> Information shown
● ● ●

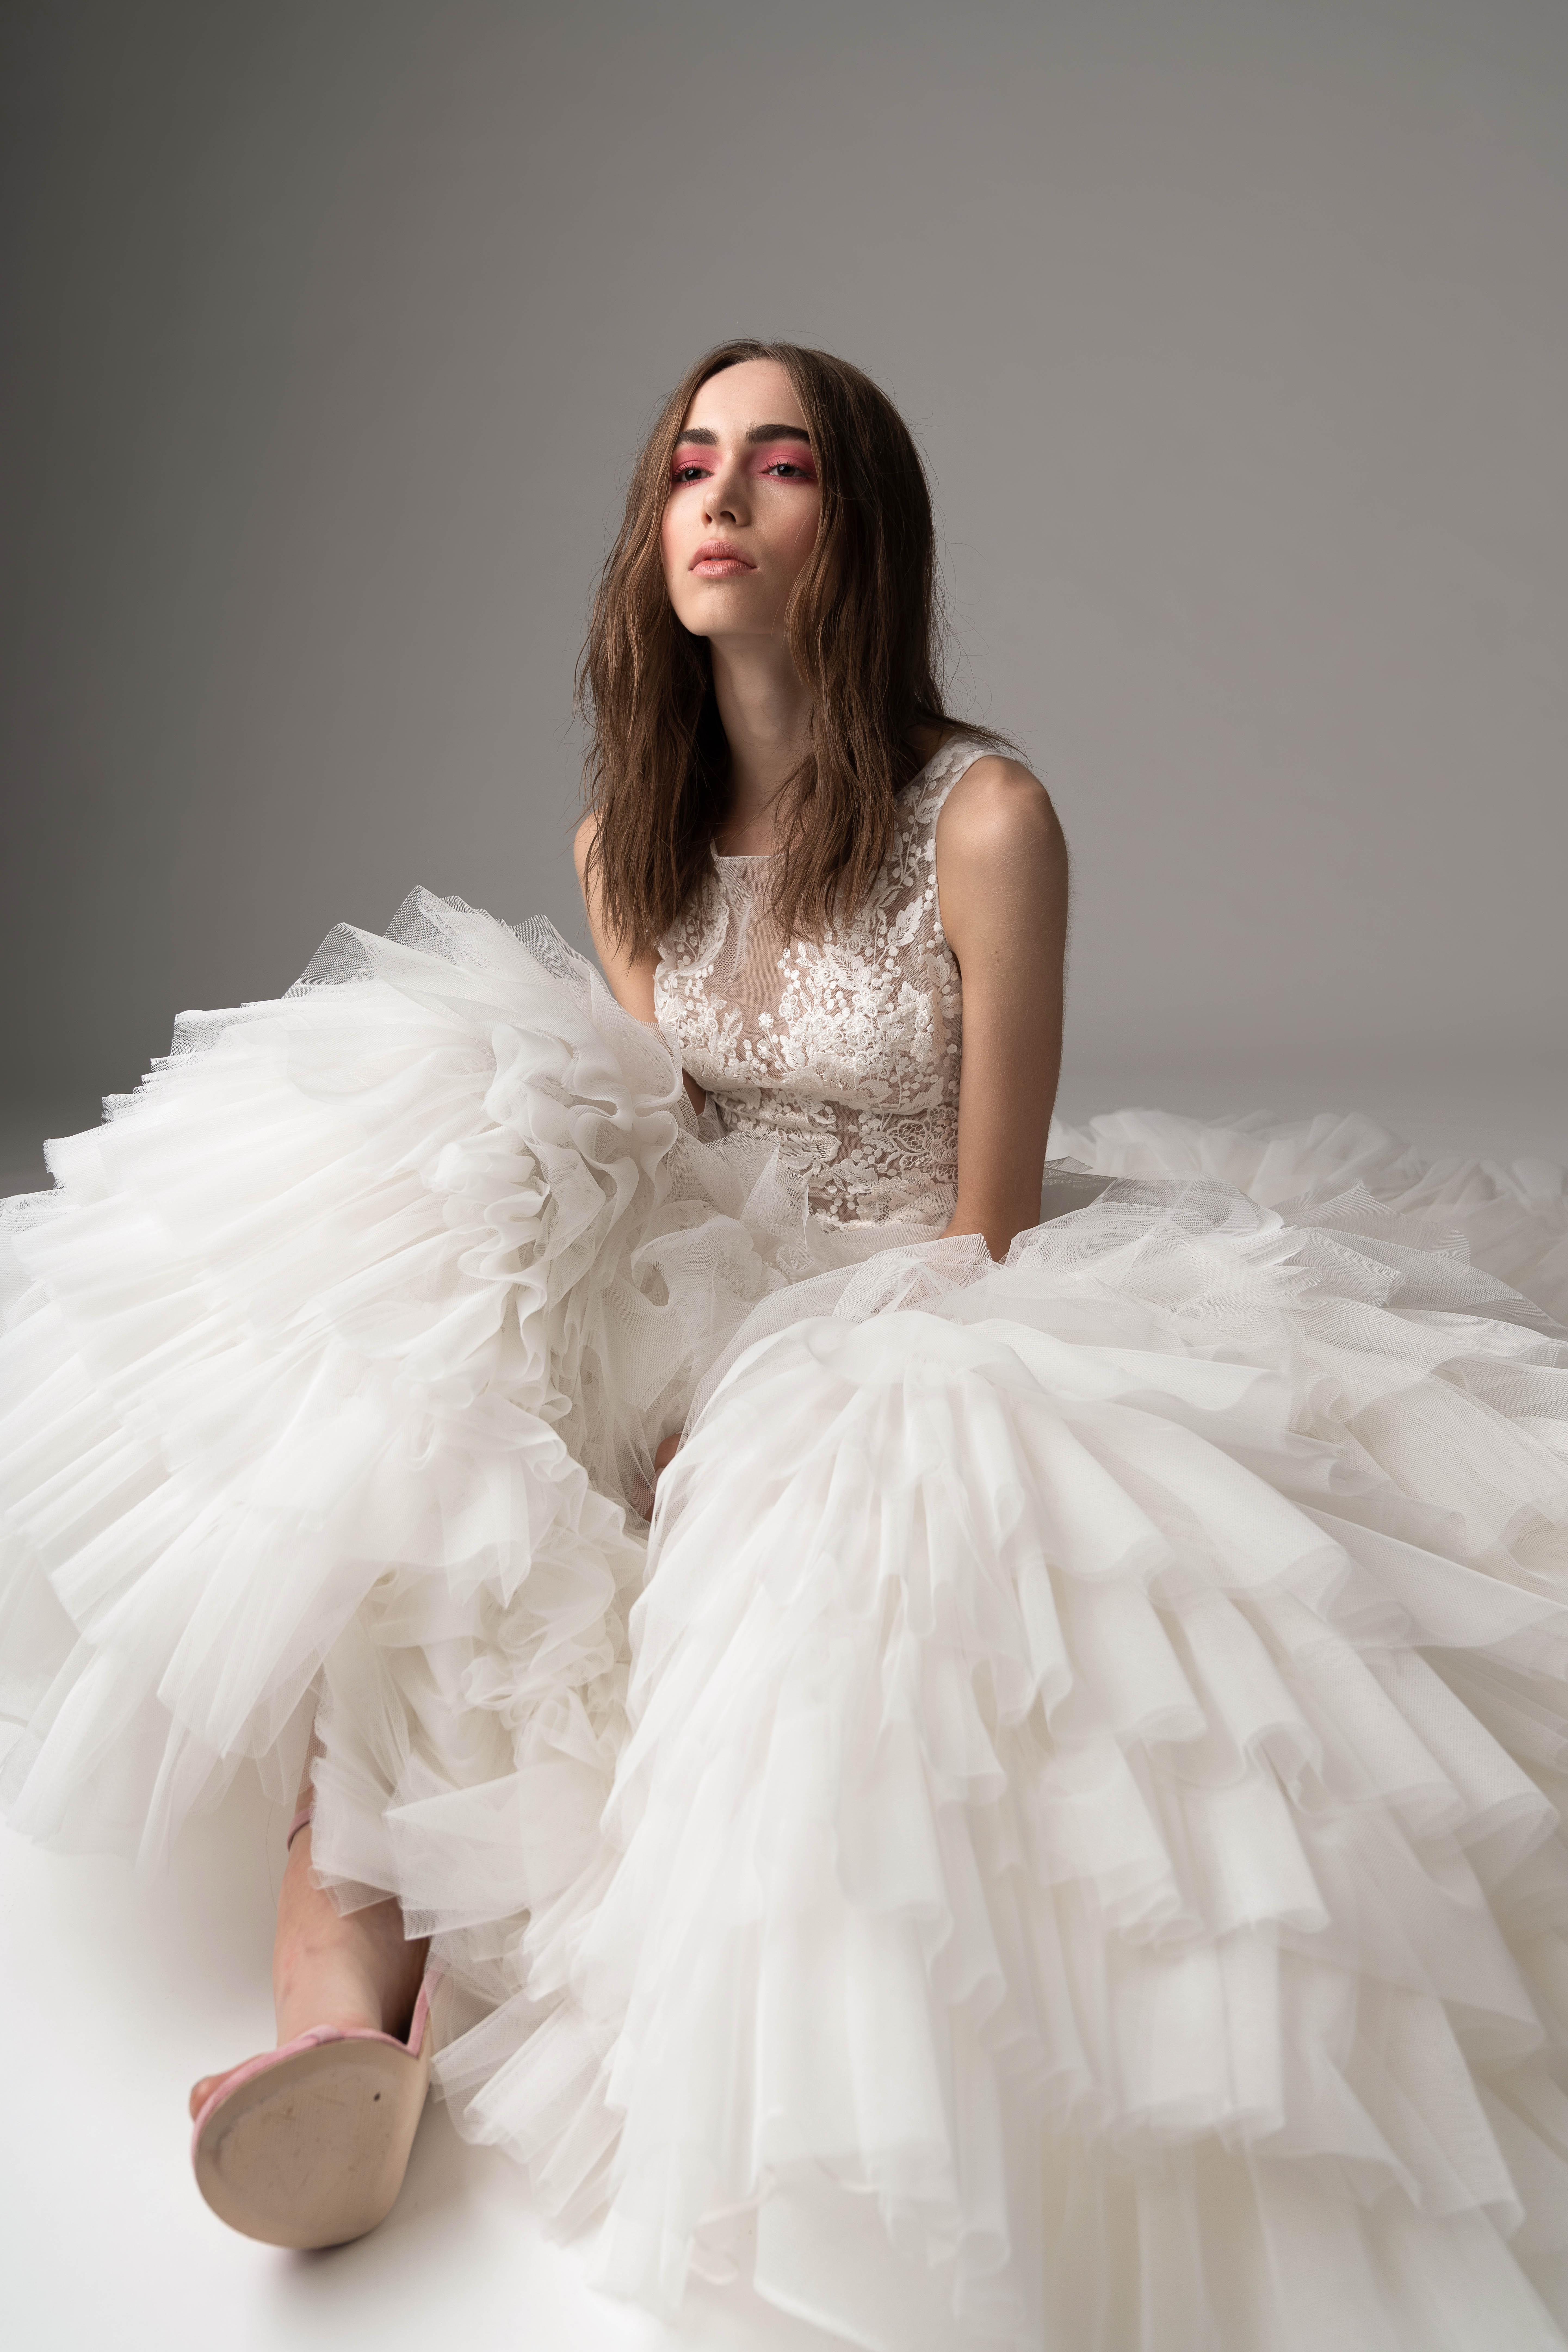 rivini by rita fall 2019 high neck tulle wedding dress
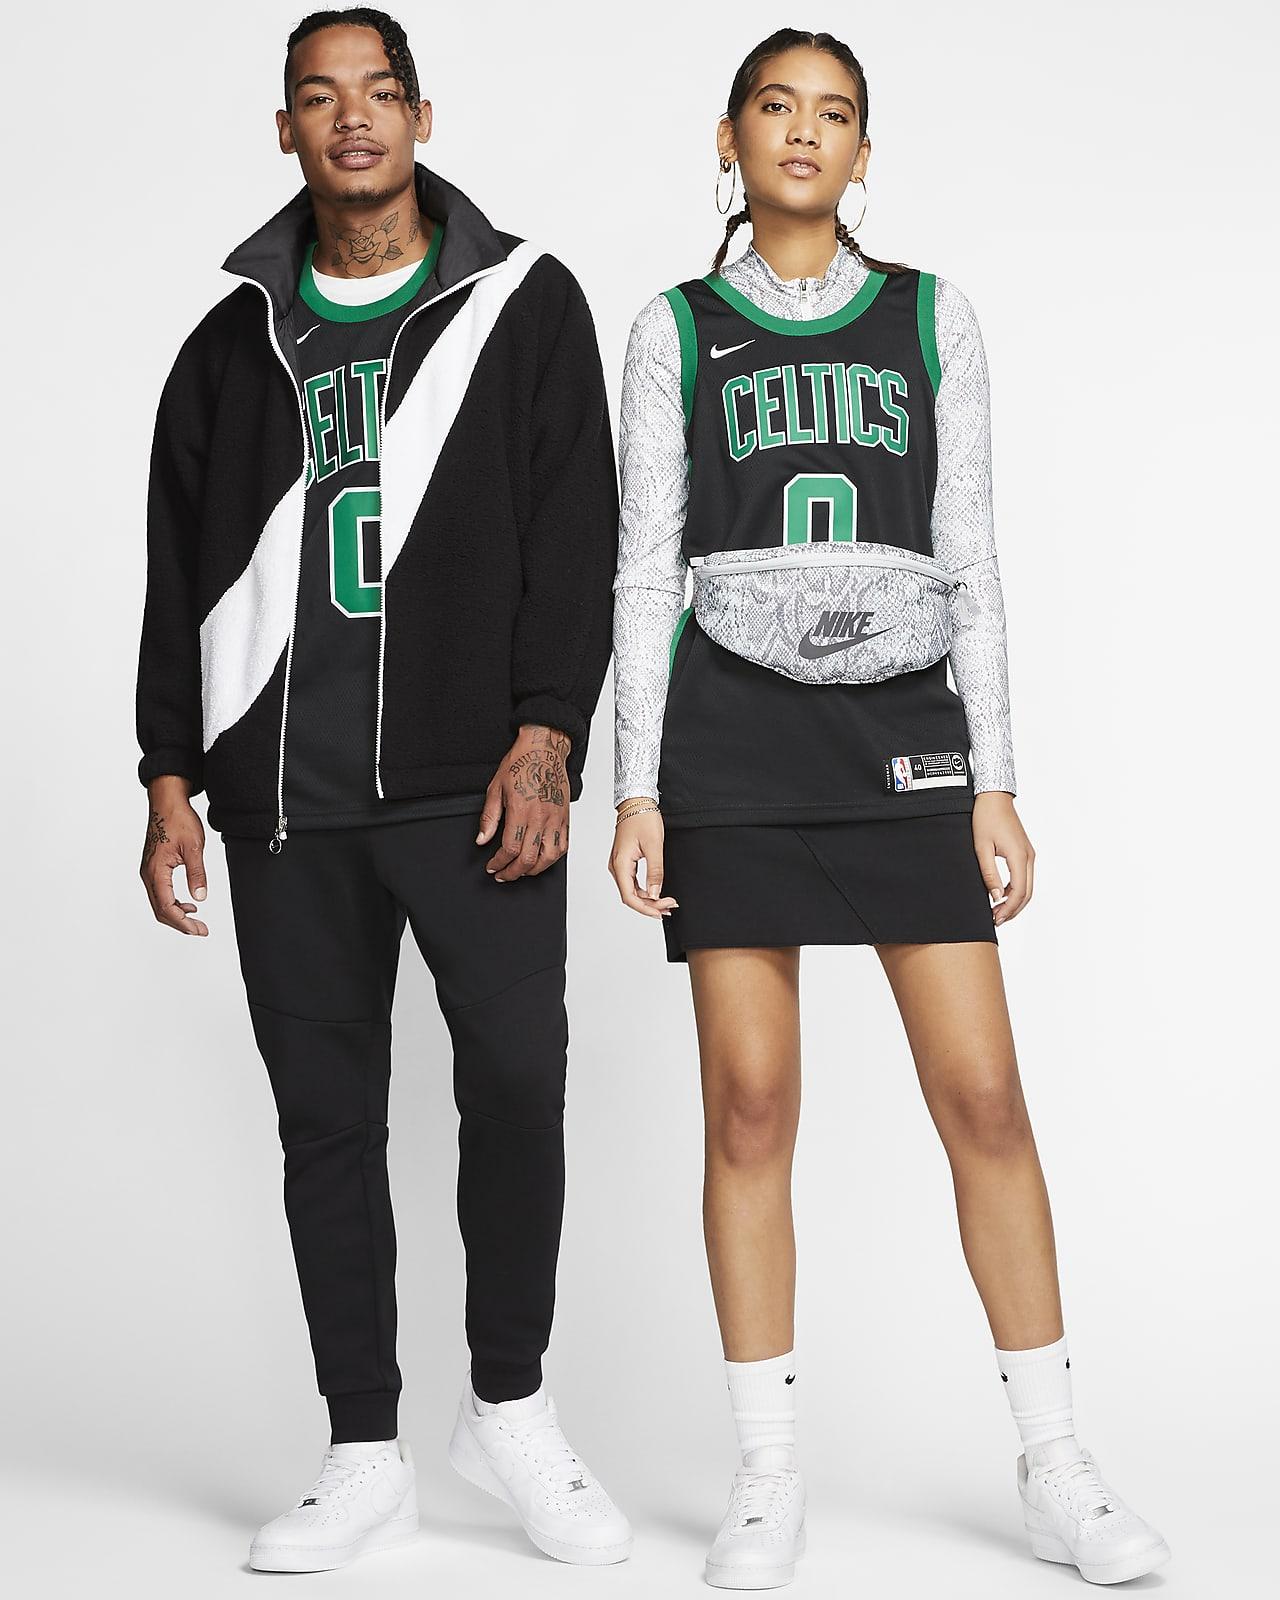 A-lee Camiseta de Baloncesto para Hombre Boston Celtics #0 Jayson Tatum Bordado Swingman Transpirable y Resistente al Desgaste Camiseta para Fan
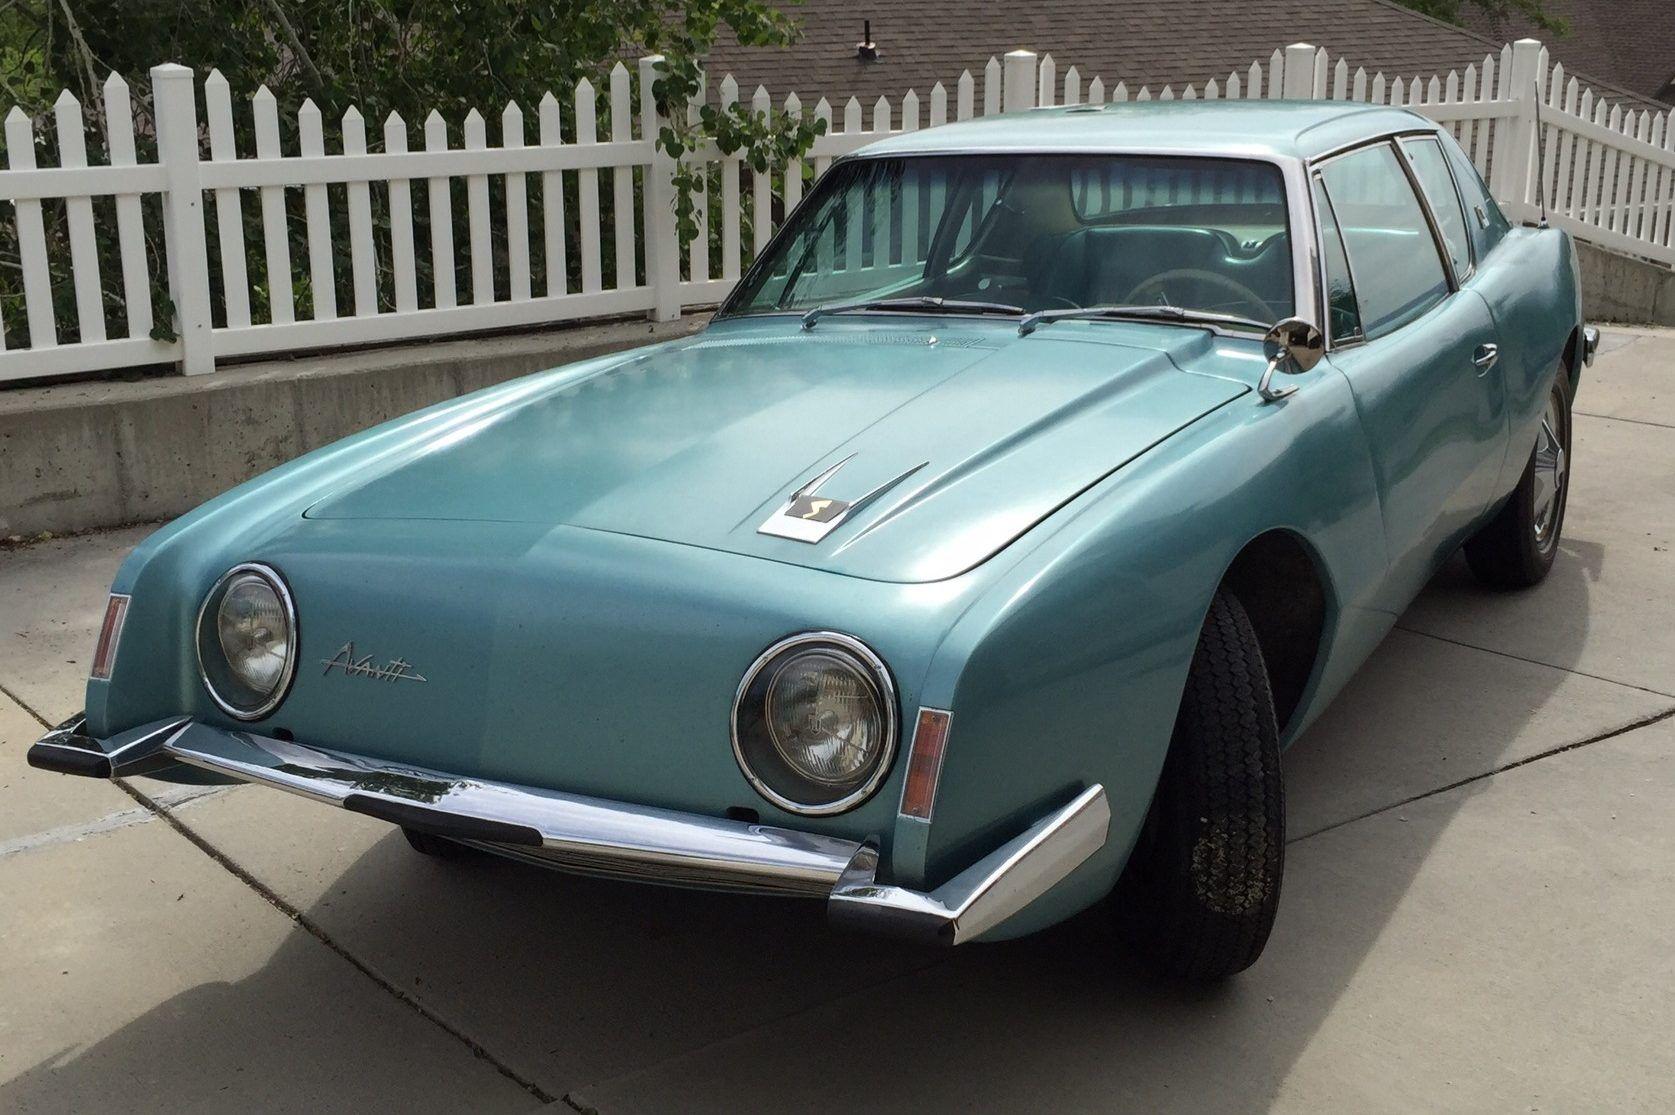 Single-Family-Owned 1963 Studebaker Avanti #sweetcars

● ● ●

> Your instructions
Reproduce the whole listing word for word, setting aside any pictures.

> Exercise answer
 rivini by rita fall 2019 high neck tulle wedding dress
 A-lee Camiseta de Baloncesto para Hombre Boston Celtics #0 Jayson Tatum Bordado Swingman Transpirable y Resistente al Desgaste Camiseta para Fan
 Single-Family-Owned 1963 Studebaker Avanti #sweetcars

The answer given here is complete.